In concentrating on his Western initiatives, Khrushchev made yet another mistake: turning his back on China. Friends in the Central Committee told me that when he met with Mao Tse-tung in Peking in 1959, the Chinese accused him of sacrificing revolutionary struggle for detente with "imperialists." This threatened to undermine Kremlin claims of leadership in revolutionary movements. The Soviets had to compete with the Chinese in leading the world revolution, and the result was a resuscitated militancy in Soviet foreign policy.

One manifestation of this reversal was the U-2 incident of 1960. American reconnaissance aircraft had been making overflights of Soviet territory for some years, and the Soviet leadership was well aware of them.
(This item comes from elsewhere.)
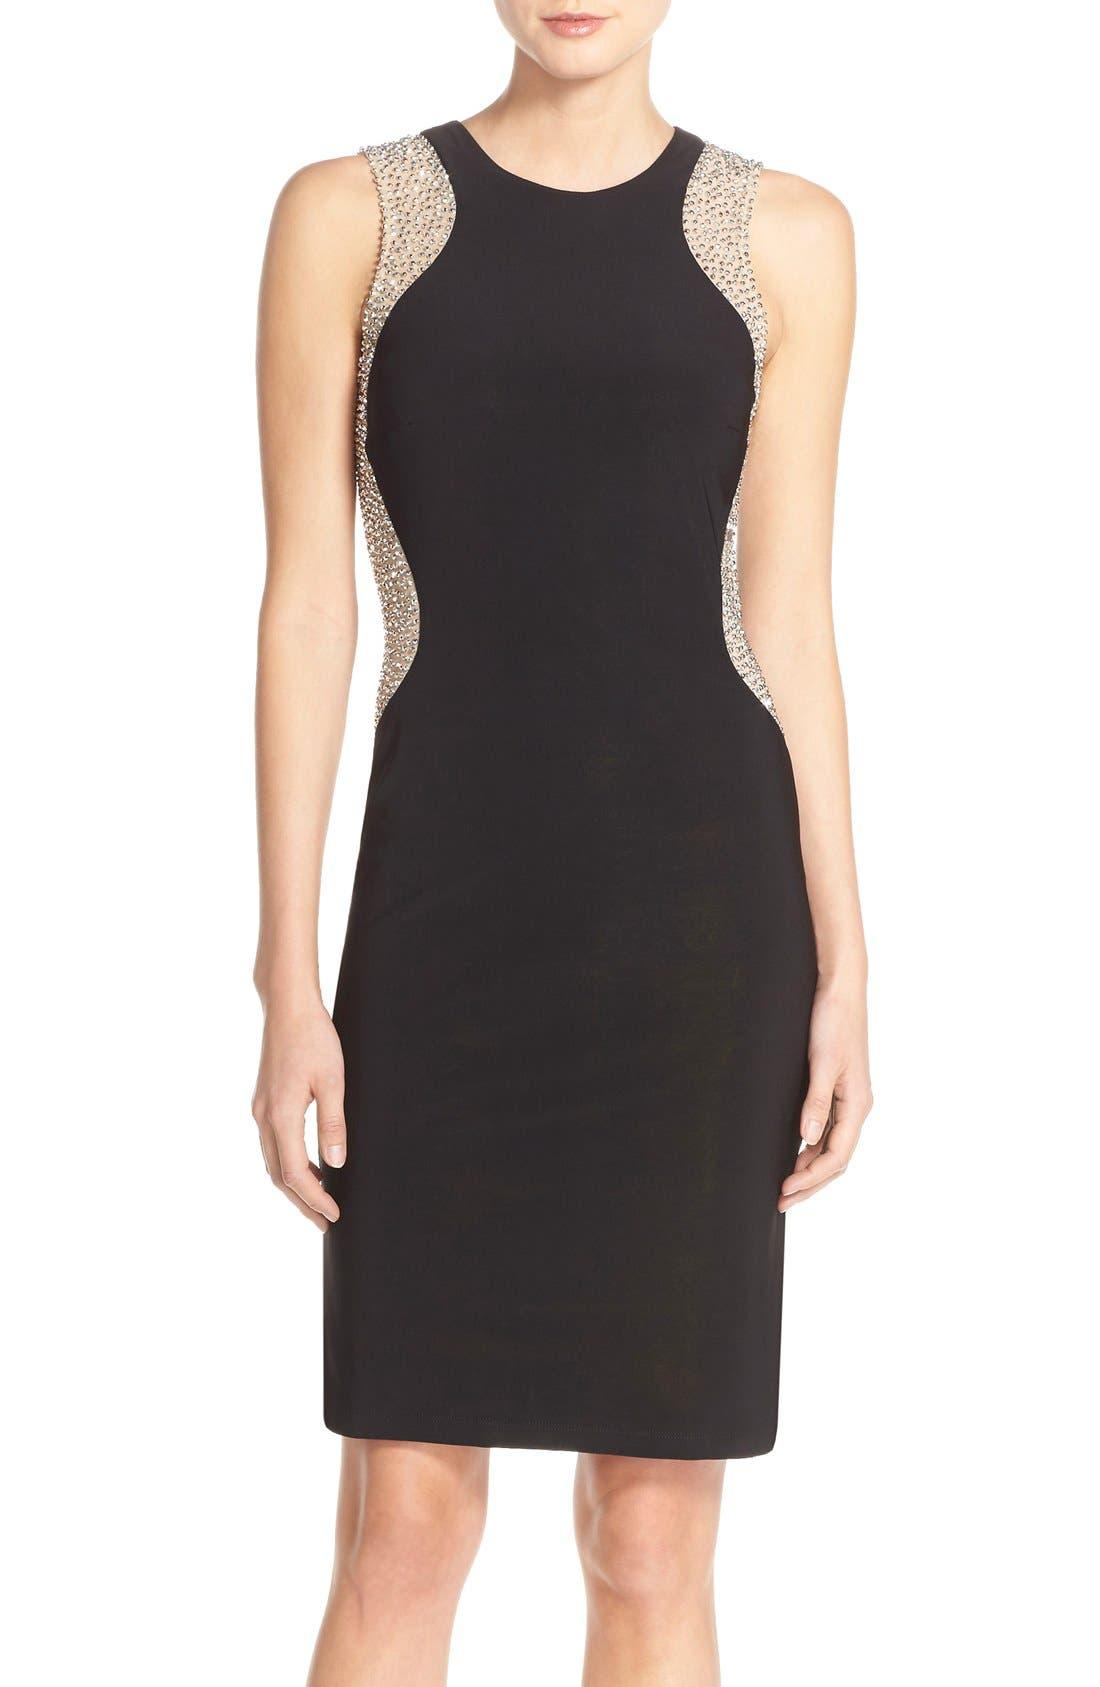 Alternate Image 1 Selected - Xscape Beaded Mesh & Jersey Sheath Dress
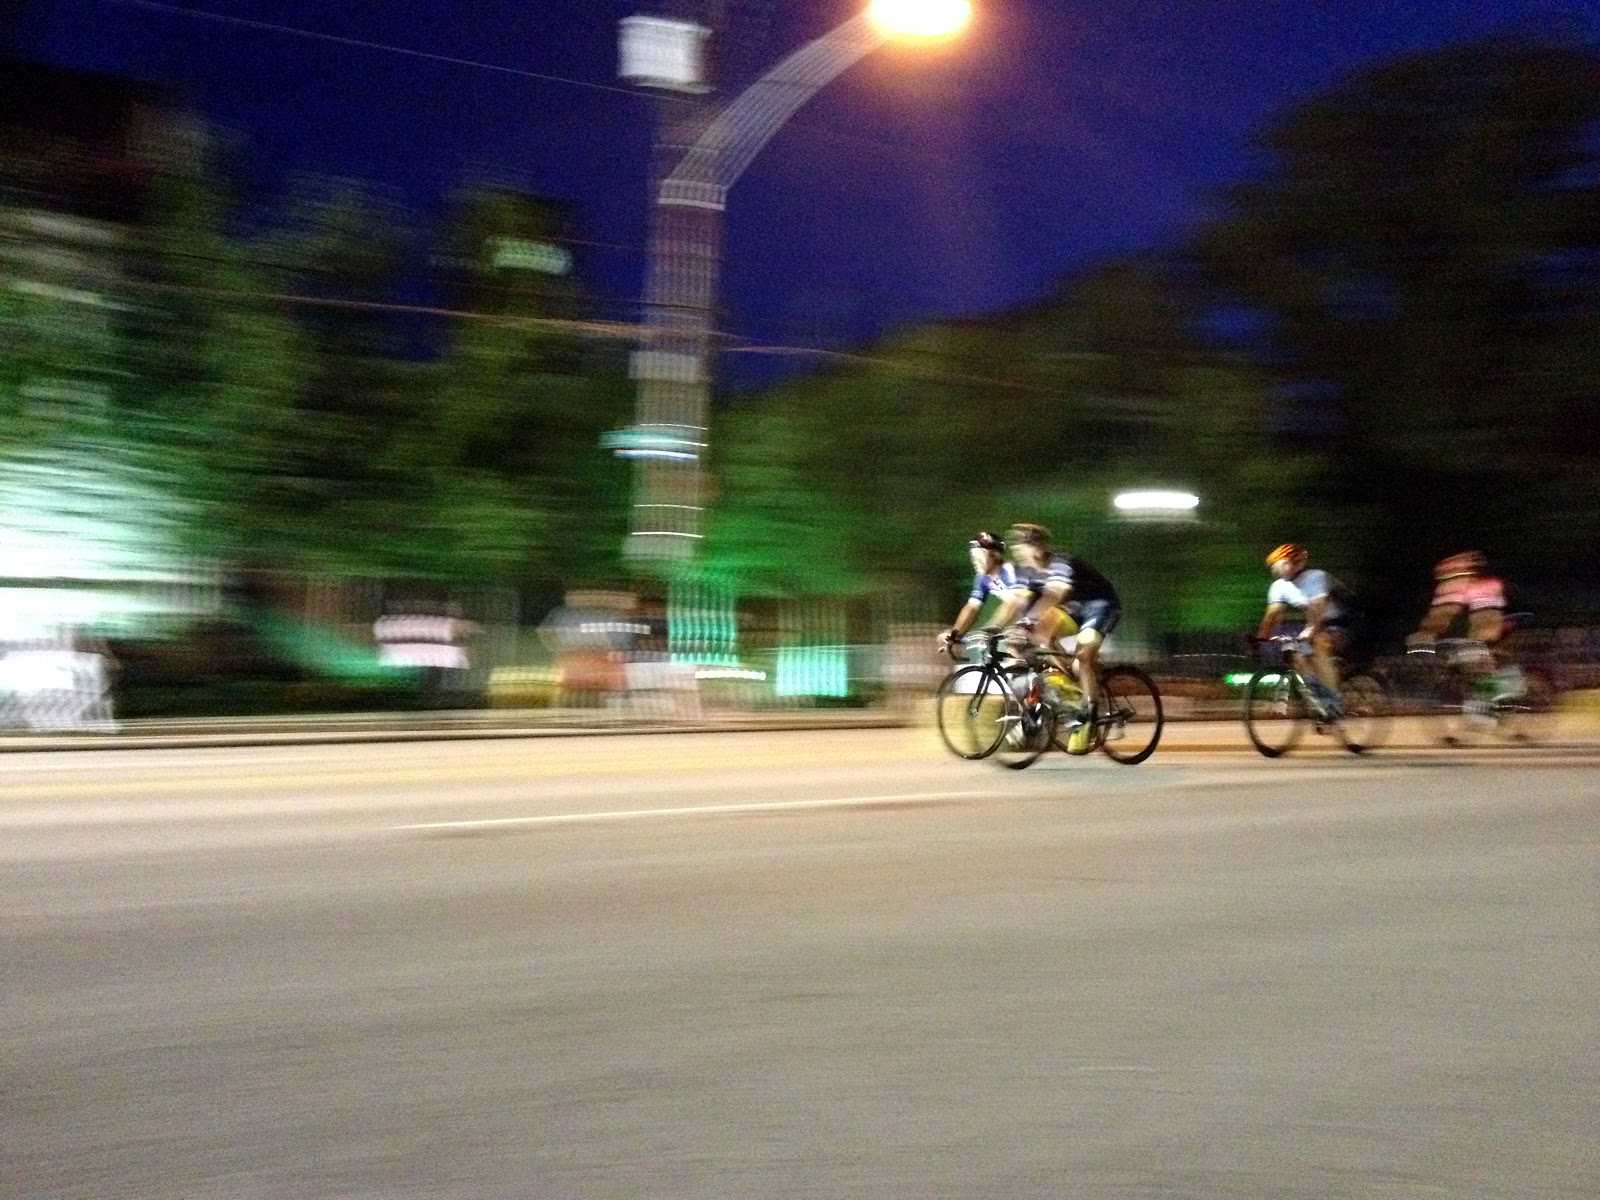 cozy birdhouse | cycling race

Gromyko advised Khrushchev not to shoot down the planes so as to avoid excessive deterioration in Soviet-American relations. In Gromyko's judgment, a strong protest and warning could forestall further overflights. Khrushchev dismissed Gromyko's counsel, and when Soviet antiaircraft defenses shot down a U-2 and * captured the pilot, Francis Gary Powers, Khrushchev decided to set a trap to disgrace Dwight Eisenhower publicly. Powers was alive in Soviet hands, but Khrushchev, concealing this, tricked Eisenhower, luring him into denials concerning the overflights.